With the explosion of globalization and cutting-edge communication tools, there has been an emergence of the phenomenon of digital tribalism when artists unite into groups not on the grounds of geography, but rather according to their interests.

The predominant characteristic of art tribes throughout time has been the need to share and to communicate ideas, thoughts, observations and views. Digital networks achieve this objective by connecting like-minded members of such new tribes across the continents. As the principal players move around the arena, a self-assembled dynamic network structure emerges that no single player can control. As an example, one could cite Rhizome as a global community that not only unites digital artists, but also aggressively promotes subcategories of the electronic tribes. Just to mention a few: “An internet art aesthetic phenomenon that invokes a pastiche of imagery that ranges from motifs drawn from classical antiquity to computer-generated animation”, “Technology connects us to porn, our partners, and whatever other bodies we might desire”, and here comes the digital age anarchy presented by Simon Poulter in his paper “Anarchy and the Big Society Machine”: «Anarchism in an electronic age defies definition and will always tend towards sets of values or ways of thinking and doing that evolve from tensions in the individual and collective process.

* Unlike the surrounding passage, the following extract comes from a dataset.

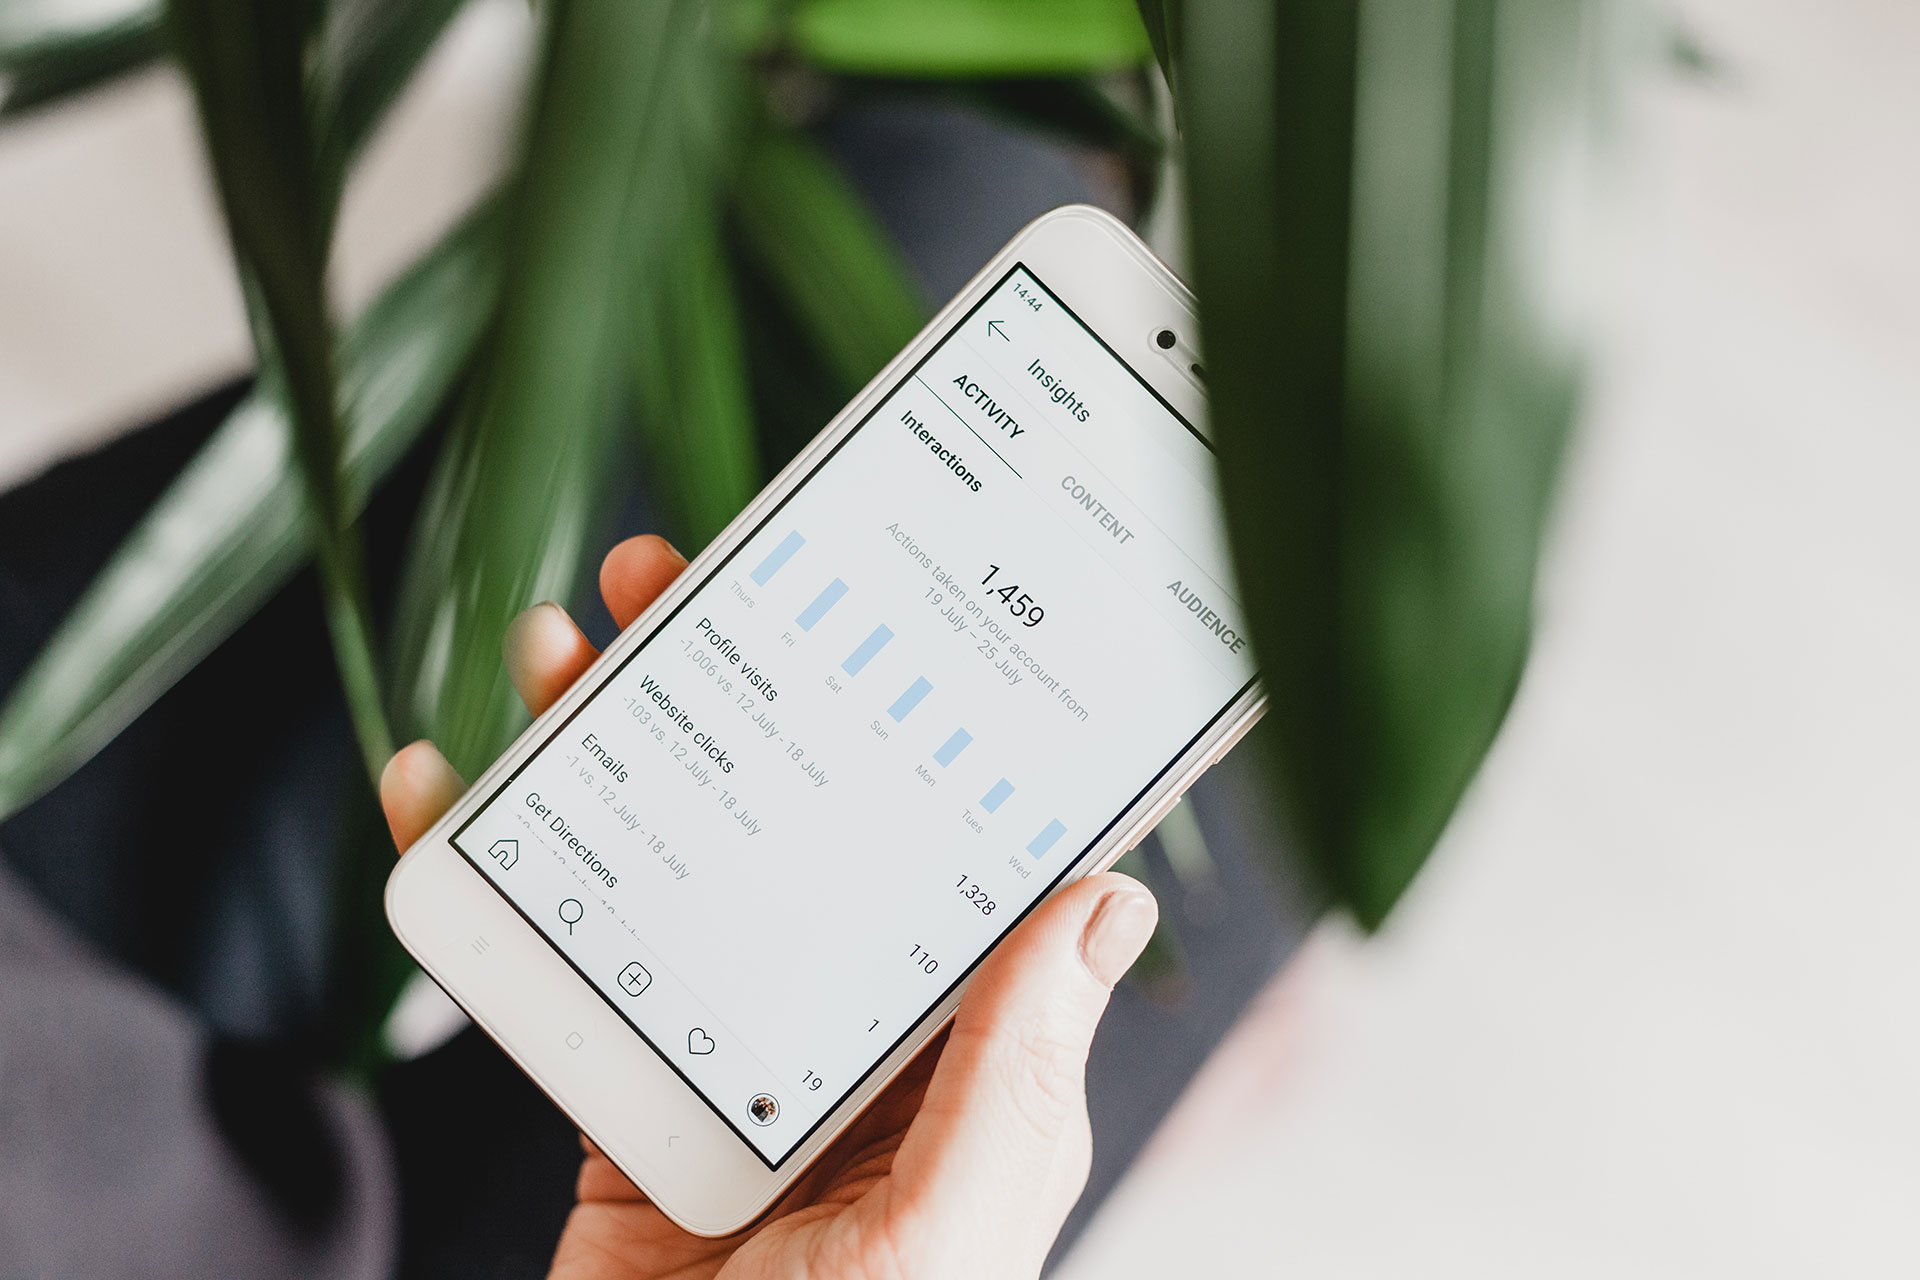 pourquoi utiliser instagram pour developper ton entreprise

We could say that in this respect anarchism is defined as useful tension between community (or state) and self…»

Let us consider the fact that the tribalization through electronic media not just impacted artists who are interested in the digital media, but it also changed the social behavior of the entire art community. In this day and age, it is unlikely that somebody would subscribe to a publication that lists art competitions, grants or festivals when it is possible to obtain this information by clicking on your computer screen. In such a manner, the networking becomes a part of traditional art communities.

Digital networks have taken tribal behavior to a whole new level of collective consciousness: dynamic self-assembling tribes that come into existence almost instantaneously. Human civilization has gone from local to national and from national to trans-national tribal behavior and congregation enabled by digital catalysts.

On the other hand, in our post-post-modern epoch, McLuhan’s other insight becomes important, which is that once the media do the job of man’s individuation and alteration of his environment by “evoking in us their unique ratios of sense perceptions,” what counts is the ability to choose among them to communicate the message. Medium matters, but only up to a point, as a conduit for the message. Patterns of the Mind is an exhibition about the primacy of the artist’s message, in which any medium is only a tool to carry it across.